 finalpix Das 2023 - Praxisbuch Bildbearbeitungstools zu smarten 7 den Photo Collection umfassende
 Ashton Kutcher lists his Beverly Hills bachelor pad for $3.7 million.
━━━━━━━━━━━━━━━━━━━━━━━━━━━━━━
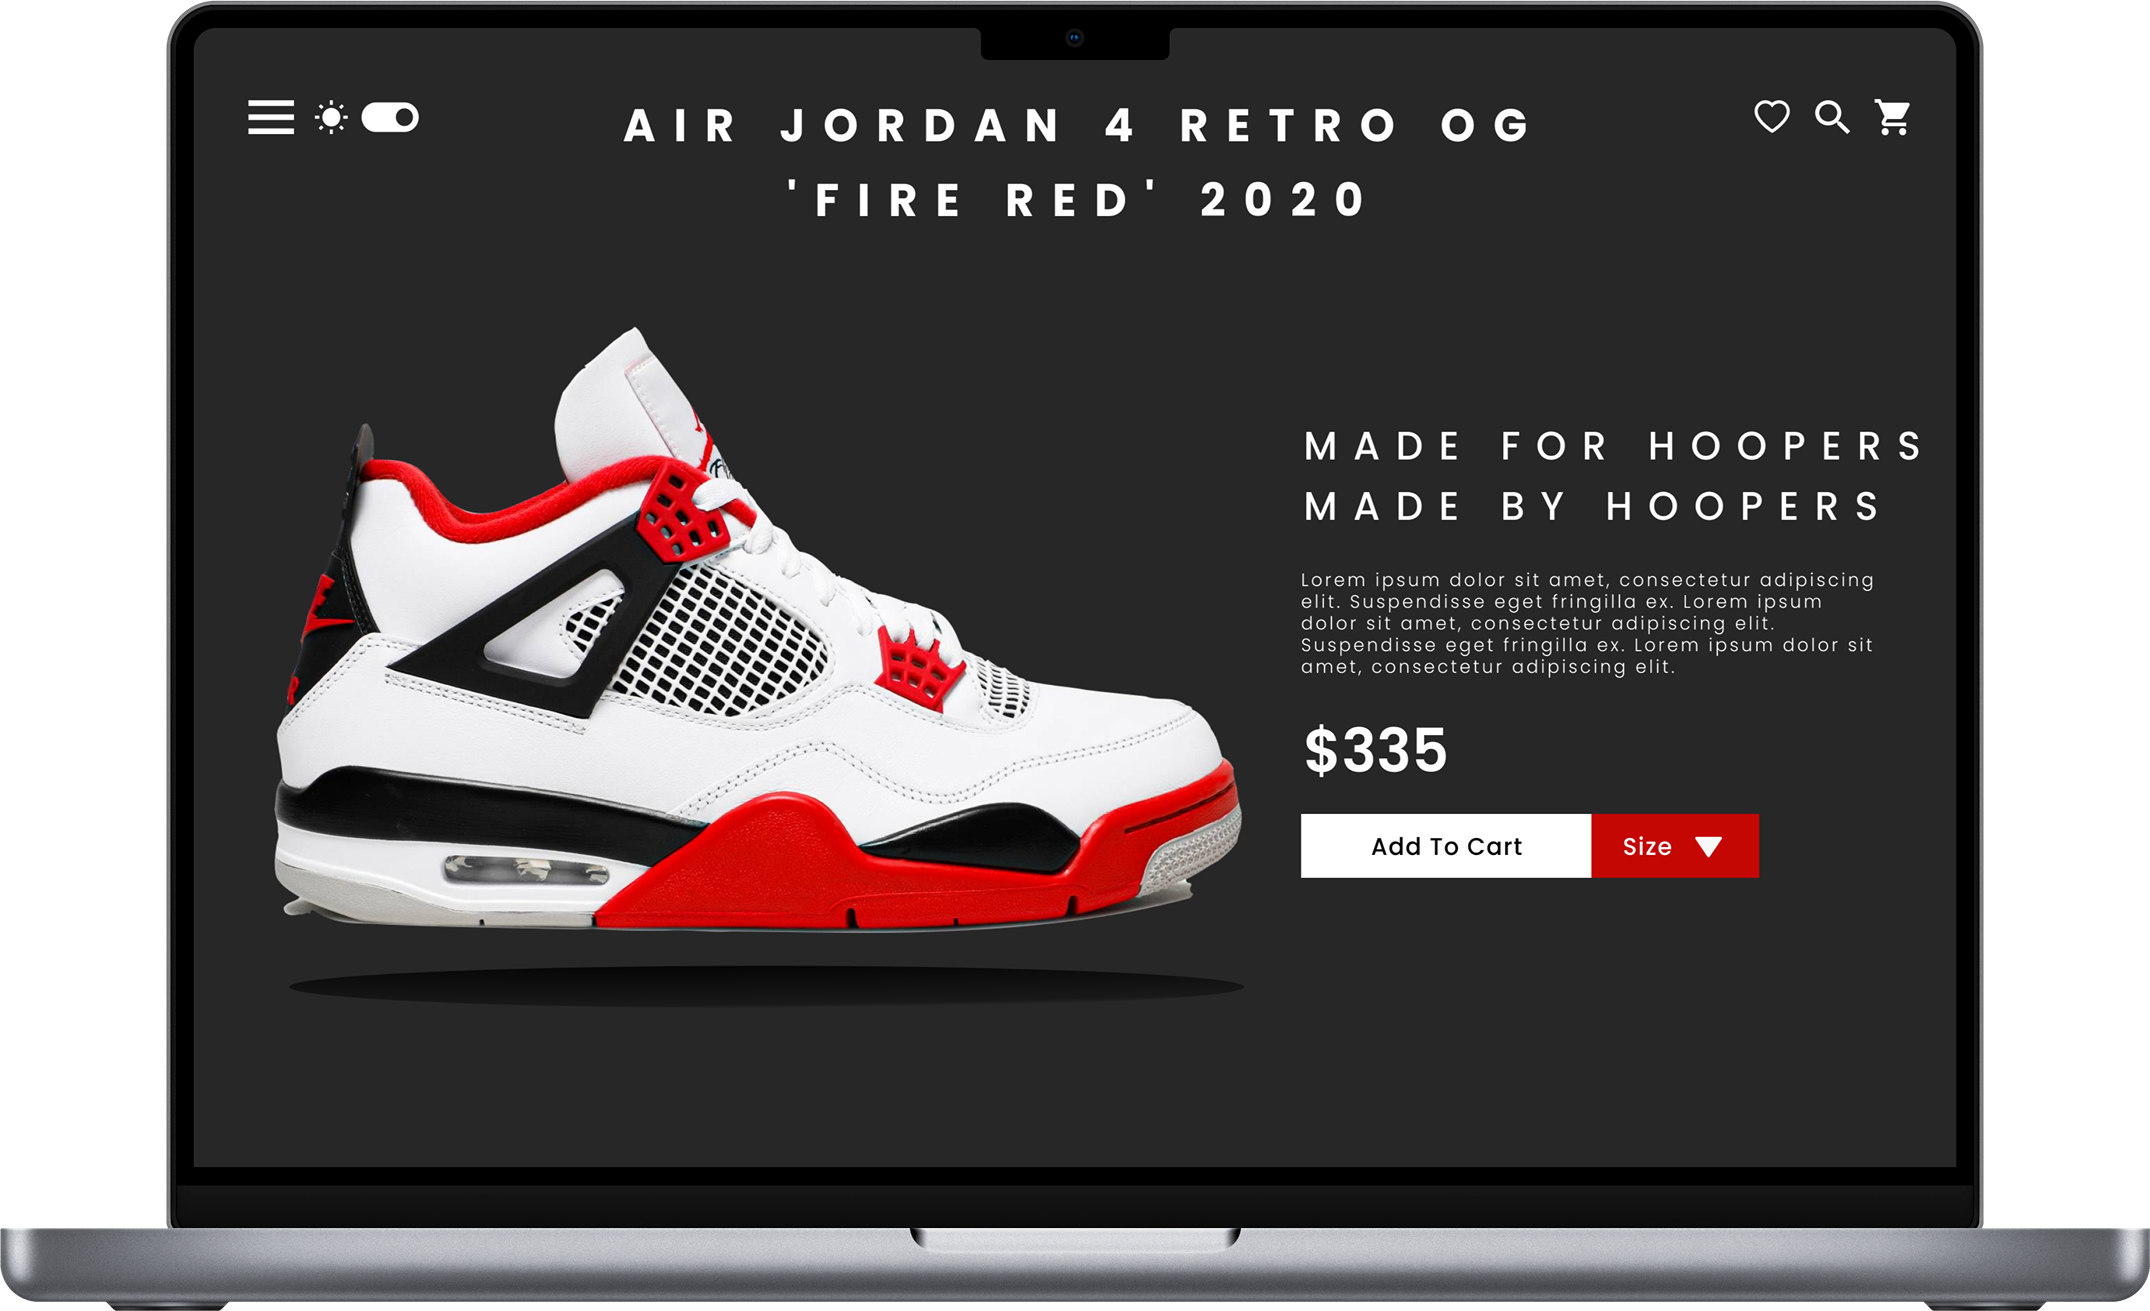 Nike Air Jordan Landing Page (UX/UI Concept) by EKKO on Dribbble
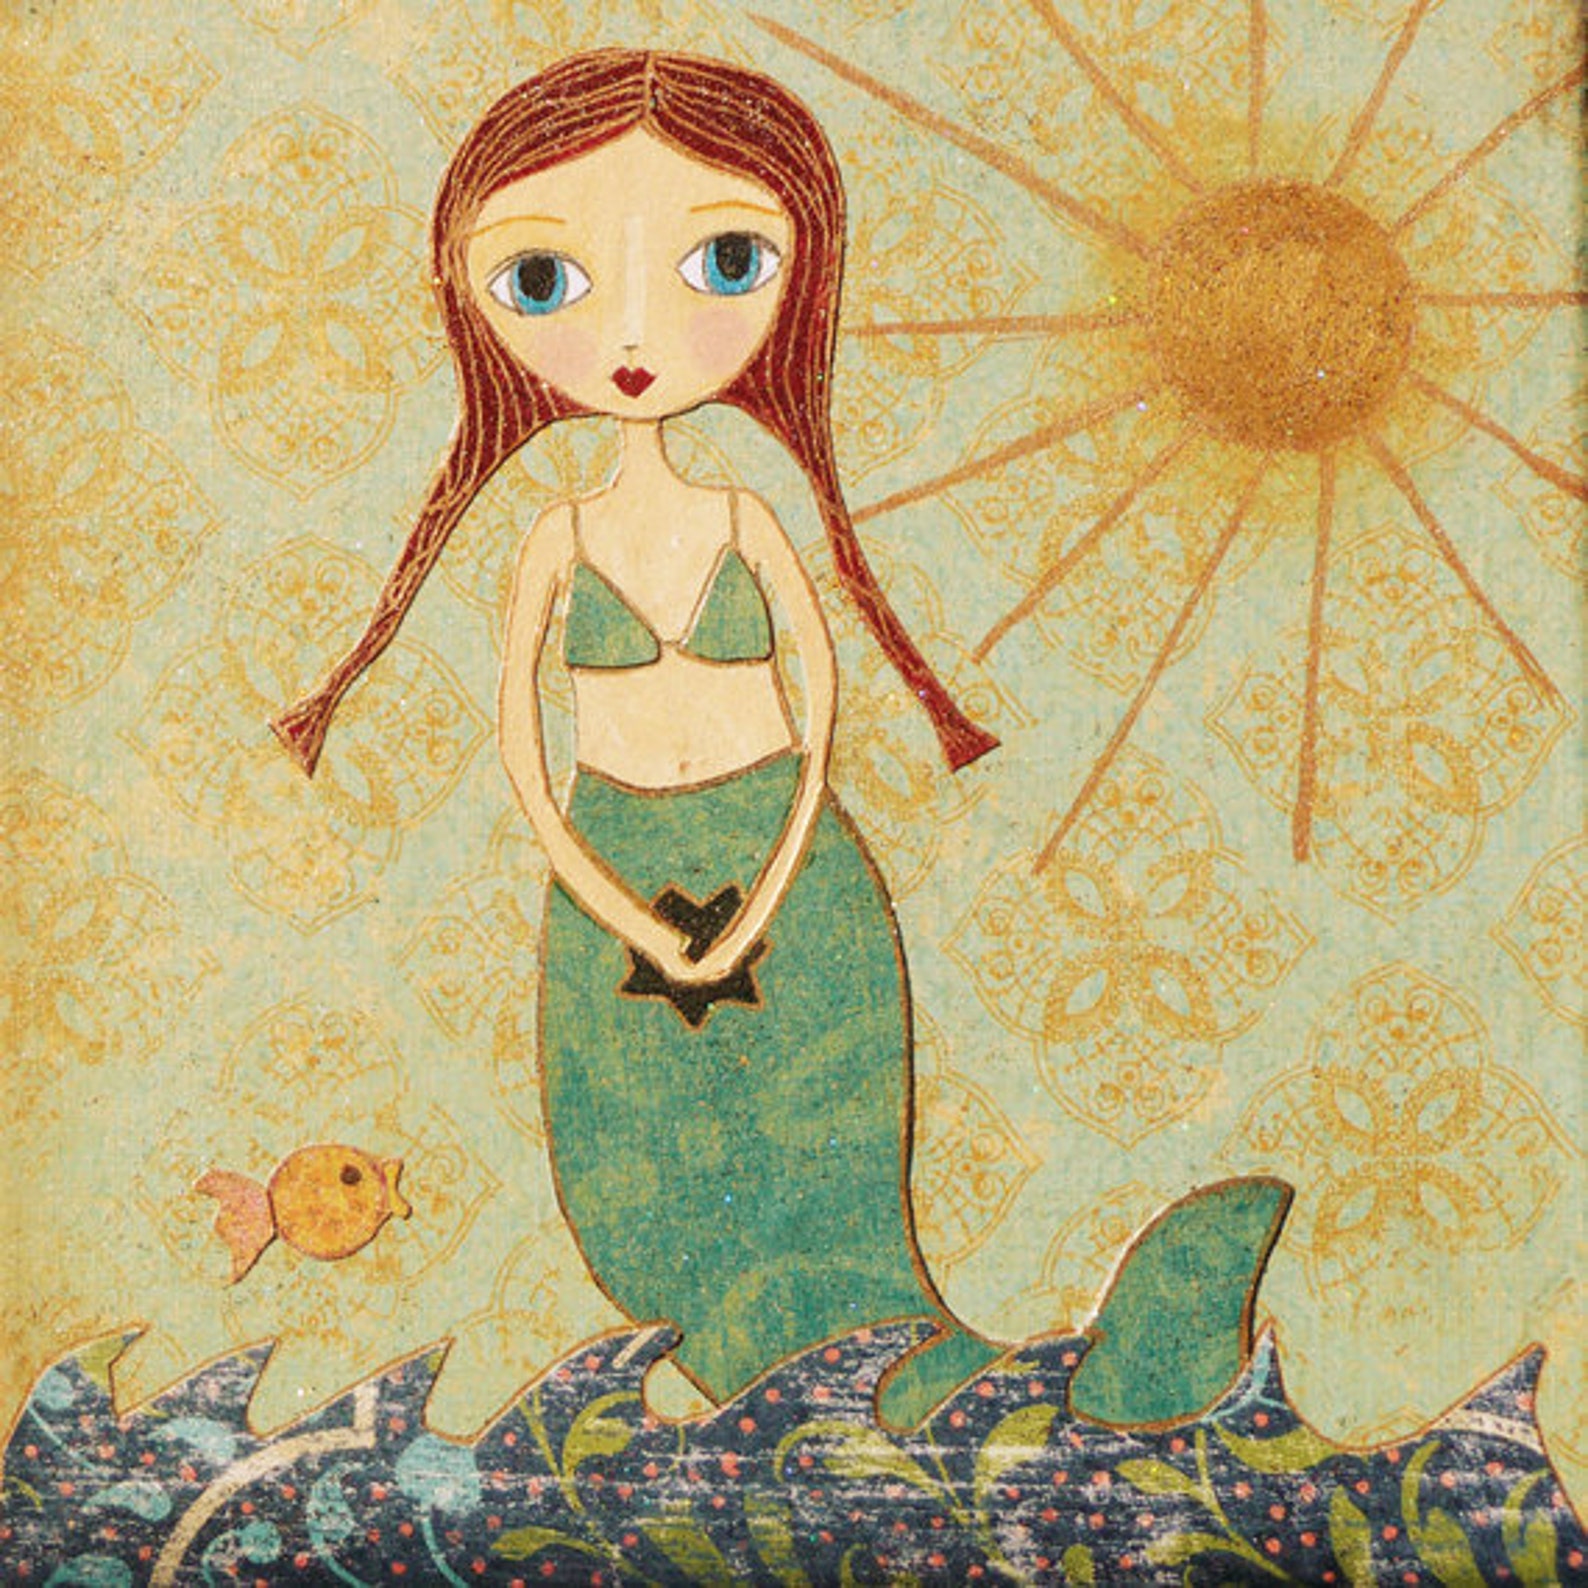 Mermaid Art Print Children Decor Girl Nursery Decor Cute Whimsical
━━━━━━━━━━━━━━━━━━━━━━━━━━━━━━
__Problem details__: Please give an exact copy of the entries above, from the line with "finalpix Das 2023" down to the line with "Ashton Kutcher lists", inclusive, and nothing else.

__Task response__:
 finalpix Das 2023 - Praxisbuch Bildbearbeitungstools zu smarten 7 den Photo Collection umfassende
 Ashton Kutcher lists his Beverly Hills bachelor pad for $3.7 million.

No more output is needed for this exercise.